PUHI — Vally Tsuchiya was named after an opera character because her father loved the opera, said Linda Rozelle, Regency at Puakea director of nursing Wednesday.
Tsuchiya and Gladys Okada were honored for being 10-year residents at the retirement and assisted living facility in Puhi.
“These residents are not just residents here for 10 years,” Rozelle said. “They are the residents who have been living here the longest.”
Regency at Puakea is celebrating its 12th anniversary on Kauai.
Tsuchiya was born in Pisa, Italy and was a war bride, moving to Waimea with her husband Melvin when she was in her 20s, Rozelle said.
“She regularly talks with her younger sister who is 10 years below her and still lives in Italy,” Rozelle said. “She also carries around a piece of paper — the only thing her husband wrote to her in Latin — since 1945. The translated version of that piece of paper is ‘Being engaged and married has more responsibilities than going to war.’ That was when he first said ‘I love you’ to his bride.”
After moving into the Regency in February 2006, Vally’s companion was Bianca, a dog.
“Bianca was born in Honolulu, and loves to make Grandma and all of the residents happy,” Rozelle said. “Bianca, who has since passed, was Valley’s topic of conversation. She liked to talk about that pet more than she liked talking about herself.”
Pam Arrojyo, acting director at the Regency at Puakea, said Vally’s sons, Rick and Val, take turns and tend to her and do her errands. She also has a daughter on Oahu.
Gladys Okada is the widow of the late Dr. George Okada, a practicing optometrist in Waimea and Kalaheo for 35 years.
While completing his optometry education, George met Gladys who taught second grade in Chicago for two years before returning to Kauai where she taught for 30 years.
Gladys has two daughters and four granddaughters.
Gladys penned her memories in “West Kauai’s Plantation Heritage Recipes & Stories for Life,” a part of the Legacy of Hawaii’s Sugar Plantation Community compiled by Evelyn Cook and edited by Elizabeth Faye in 2002.
“Back when I was growing up, I was living in a plantation house — House No. 8 in McBryde store camp — but I didn’t appreciate it,” Gladys said. “Now, as I grew older, I remember what a beautiful home it was, with its long veranda where my mom had her azaleas planted. It had a nice long living room and a nice big kitchen, and four bedrooms. Every window that I used to look out of brings back memories.”

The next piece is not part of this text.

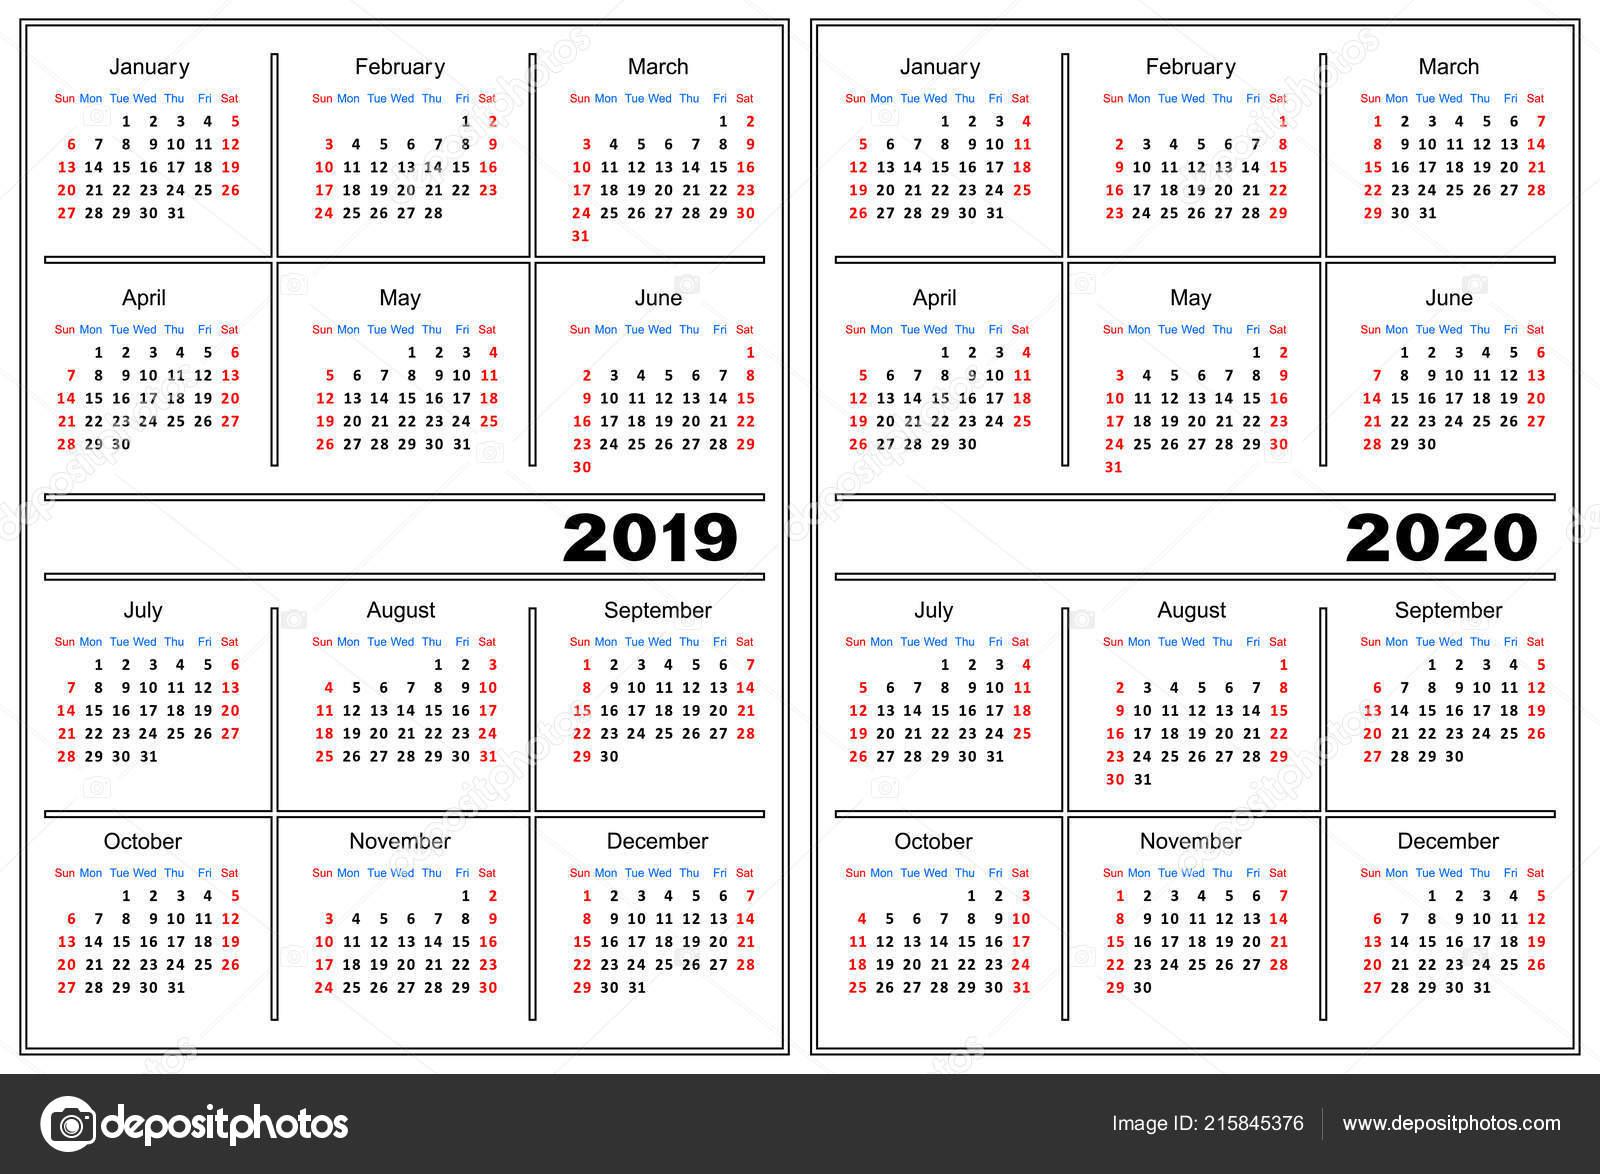 Modele Calendrier Couleur Blanche Calendrier Pour 2019 2020 Image Vectorielle Silantiy C 215845376

In another excerpt, Gladys wrote of her experiences during World War II.
“When my brother volunteered to go into the service after graduation from high school in 1942, it really broke my mother’s heart,” she wrote. “I remember the day he got inducted in Hanapepe. She was so angry at him for volunteering.”
Following his departure, she went through the same ritual every night, Gladys said.
“His picture was on a little table with the one star which meant we had one son in the service,” Gladys said. “She would place, on a lacquered tray, a bowl of rice, chopsticks, tea, and whatever we were having for supper, bring the tray over to his picture and set it on the little table. Whenever she served a certain eggplant dish that she knew he didn’t like, she would say in Japanese ‘tonight we are eating eggplant, so this is what you have to eat.’ She set his dinner before his picture every night, and apologized when there was something he didn’t like. I think that is what helped her survive until he came home — safe.”